Our little suburban-yard-on-a-peninsula has been doing an amazing job of attracting birds, and I love seeing the feathered creatures that show up to pick over the dirt/weeds or grab sunflower seeds from our feeders. Since about November (when I took most of these pictures), the cast of characters has stabilized, and I've gotten to know some of these northwestern birds pretty well.

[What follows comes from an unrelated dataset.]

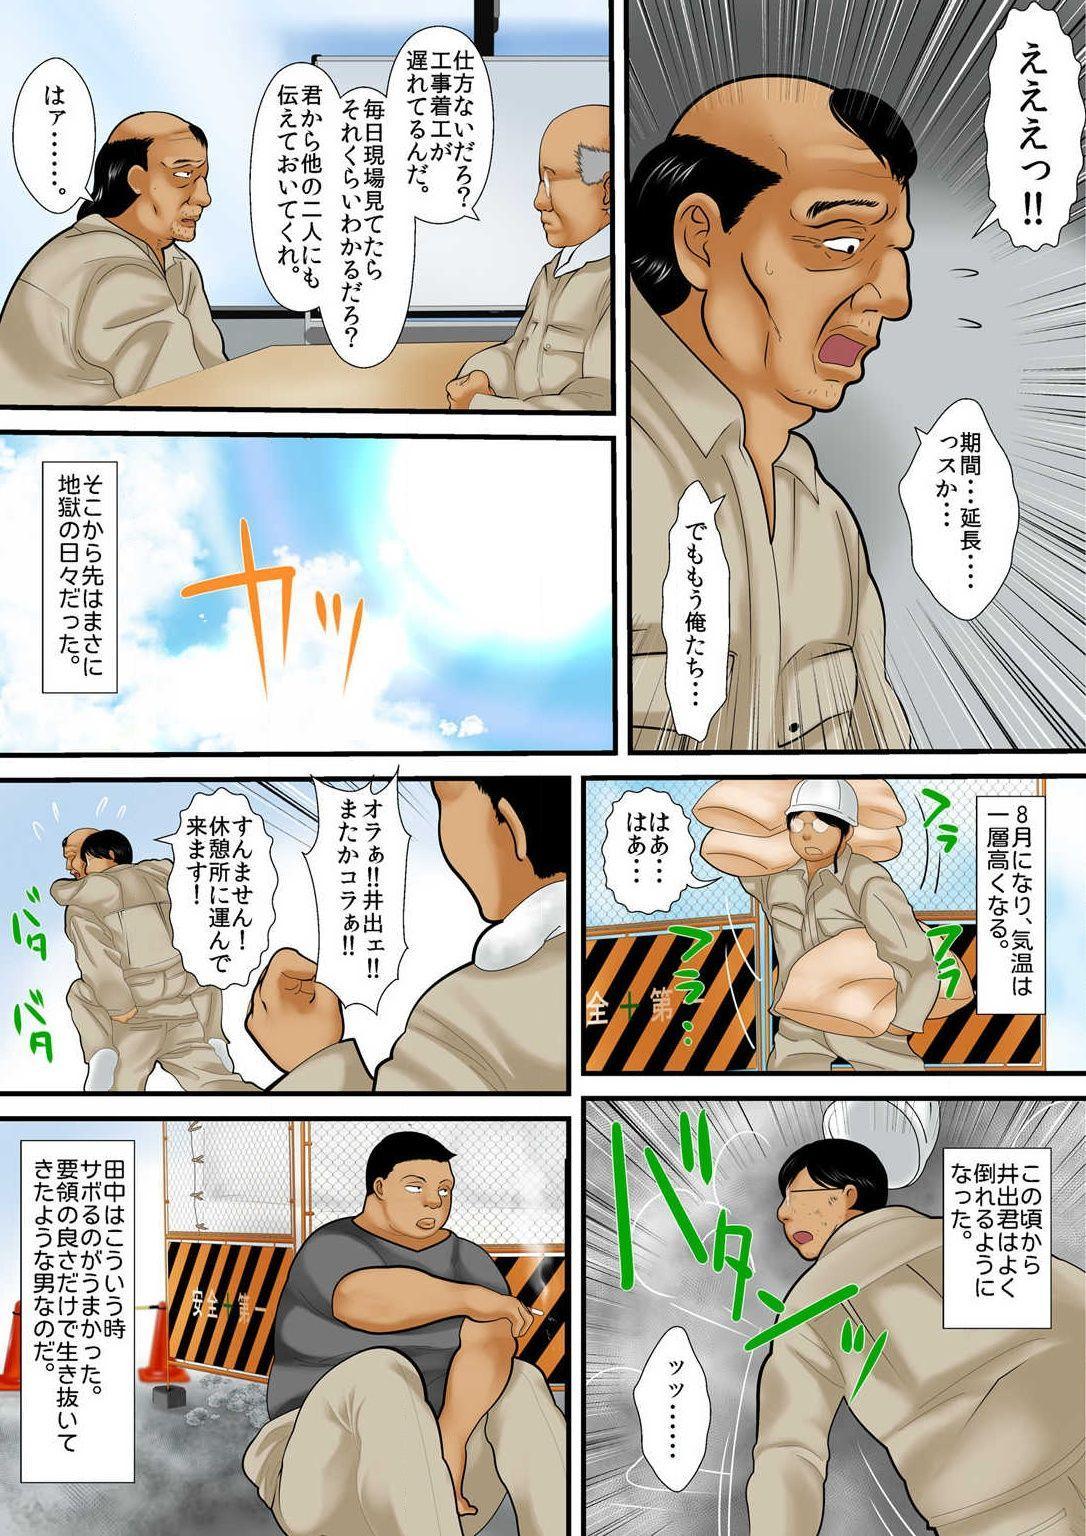 Zetsurin Oyaji ga Joshiryou de ~Sonna ni Dashitara Ninshin shichau!! 1 14

Red-breasted Nuthatches are so dainty -- especially compared to the White-breasted Nuthatches I'm much more familiar with. We don't have any White-breasted Nuthatches in our yard, but we do get frequent visits from their smaller, fairy-like cousins:

This fellow posed for me before diving down to grab a sunflower seed; nuthatches are so pointy:

And they get extra adorable when all puffed up:

Seed obtained, it's off to a nearby pine tree for processing:

Black-capped Chickadees are often around:

But Chestnut-backed Chickadees are especially frequent visitors. I love these little birds in their fancy brown vests:

Down on the ground (but sometimes bold enough to come up to the feeders), we get lots of sparrows. Our Dark-eyed Juncos are of the Oregon sub-species, with their brown bodies and coal-dipped heads:

The Fox Sparrows here are also different from the eastern version of this species; they're darker ("Sooty," as the subspecies name says):

I think Fox Sparrows have the handsomest triangle-patterned breasts:

These are almost certainly my favorite sparrows around here; they're big and bulky and beautiful, and they're super fun to watch as they dig up the ground:

The totally new sparrow for me is the Golden-crowned Sparrow, another bulky-looking bird that's often running over the ground in our yard:

Golden-crowned indeed, although these winter adults and juveniles are pretty plain compared to the adults in their summer breeding costumes (which I've not yet seen in person):

Even in the winter, I think these sparrows are quite handsome:

As for finches, House Finches stop by every few days:

But our most constant finch visitors since about mid-November are the Pine Siskins:

What beautiful yellow highlights you have in your wings, fancy bird:

These little birds are extremely bold -- we can easily stand inches away from them as they eat from our window feeders -- and they're also incredibly bossy. (The Pine Siskins who showed up at our feeders last winter in Ohio were the same way.) If one of our siskins wants to eat from the feeder, it will invariably scare off other birds (including other siskins) who want to try to grab a seed. Some siskins are almost always around -- we often have one bird camped out at each of our three feeders -- but a few times so far we've gotten some big flocks of siskins coming through our yard all at once. Paul took this video of one of our Pine Siskin fiestas in early December; I'm sure traveling in a big flock like this has its advantages, but it sure doesn't let anybody get food easily from our small feeders:

It's been such a treat to get to know our November and December yard birds. Who knows what birds will show up in our yard in the new year!